*Task goal:* Please print the line that holds "极光:疫情下的汽车直播研究报告 (16).png" and each line after it to the end of the data, word for word, without any pictures.

*Given material:*
<<<<

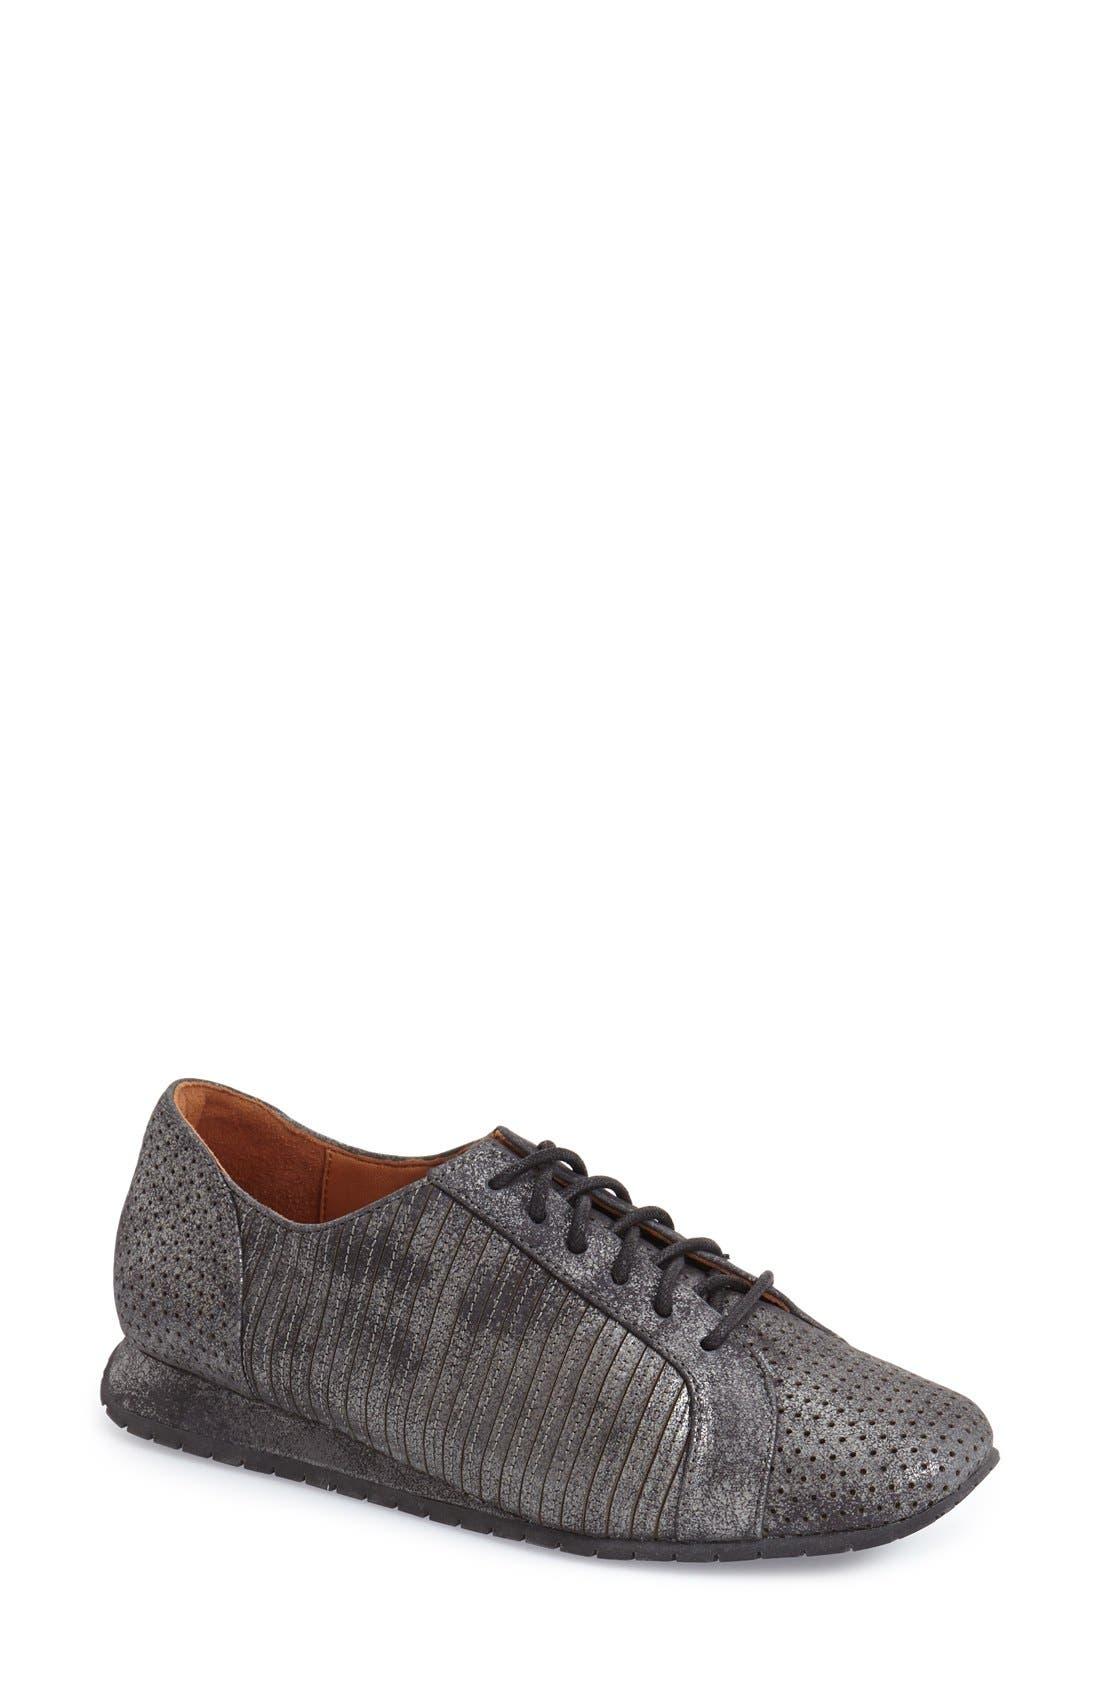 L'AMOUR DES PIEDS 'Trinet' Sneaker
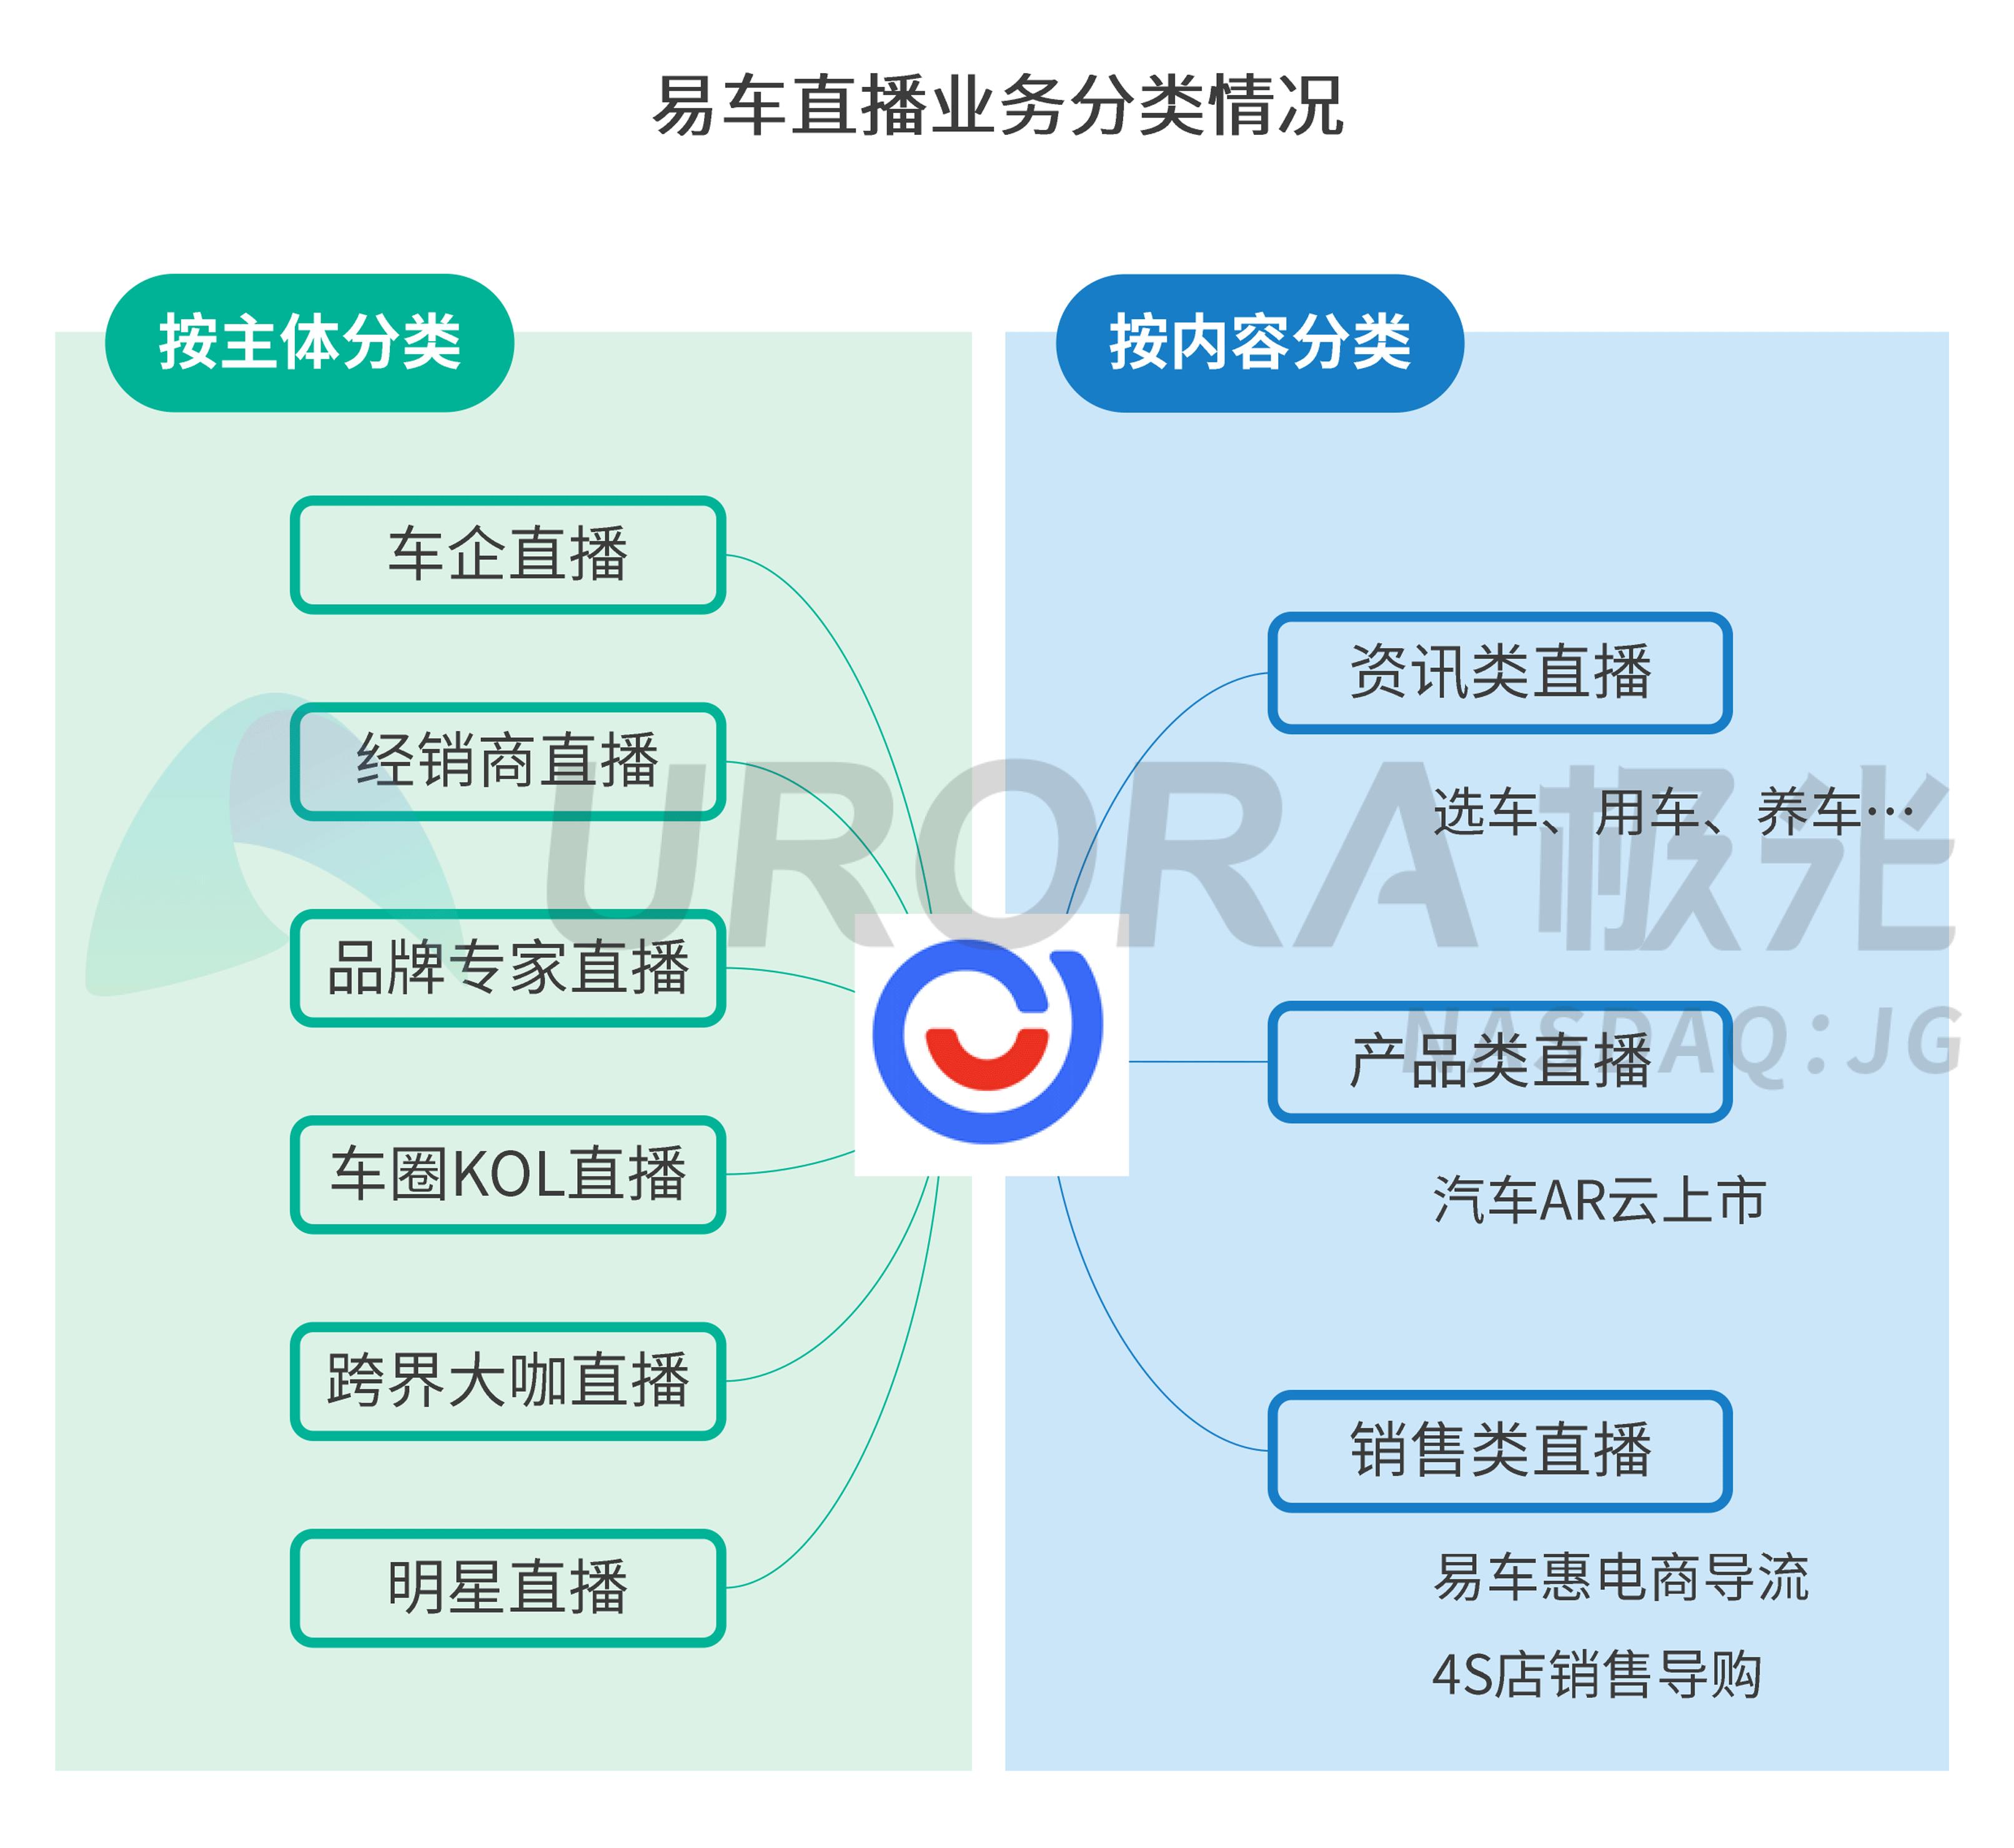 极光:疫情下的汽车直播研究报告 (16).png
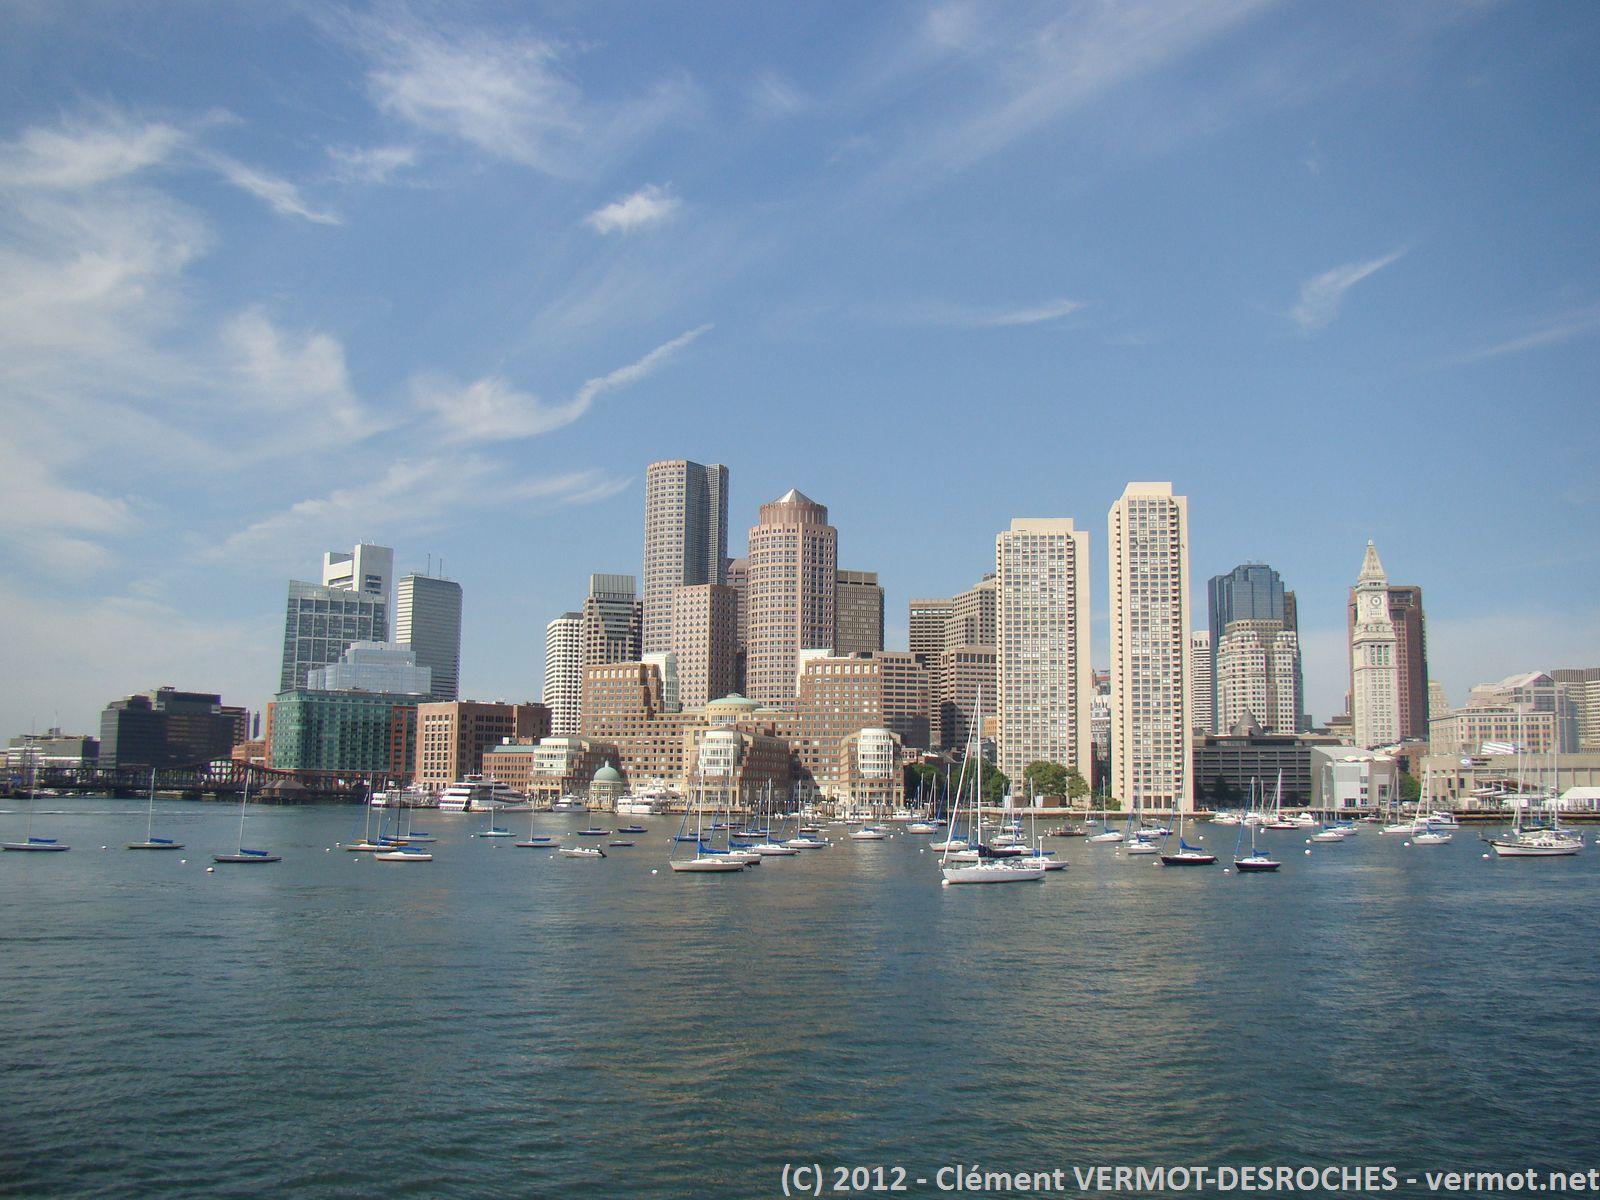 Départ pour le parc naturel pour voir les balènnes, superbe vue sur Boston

>>>>

*Response to this task:*
 极光:疫情下的汽车直播研究报告 (16).png
 Départ pour le parc naturel pour voir les balènnes, superbe vue sur Boston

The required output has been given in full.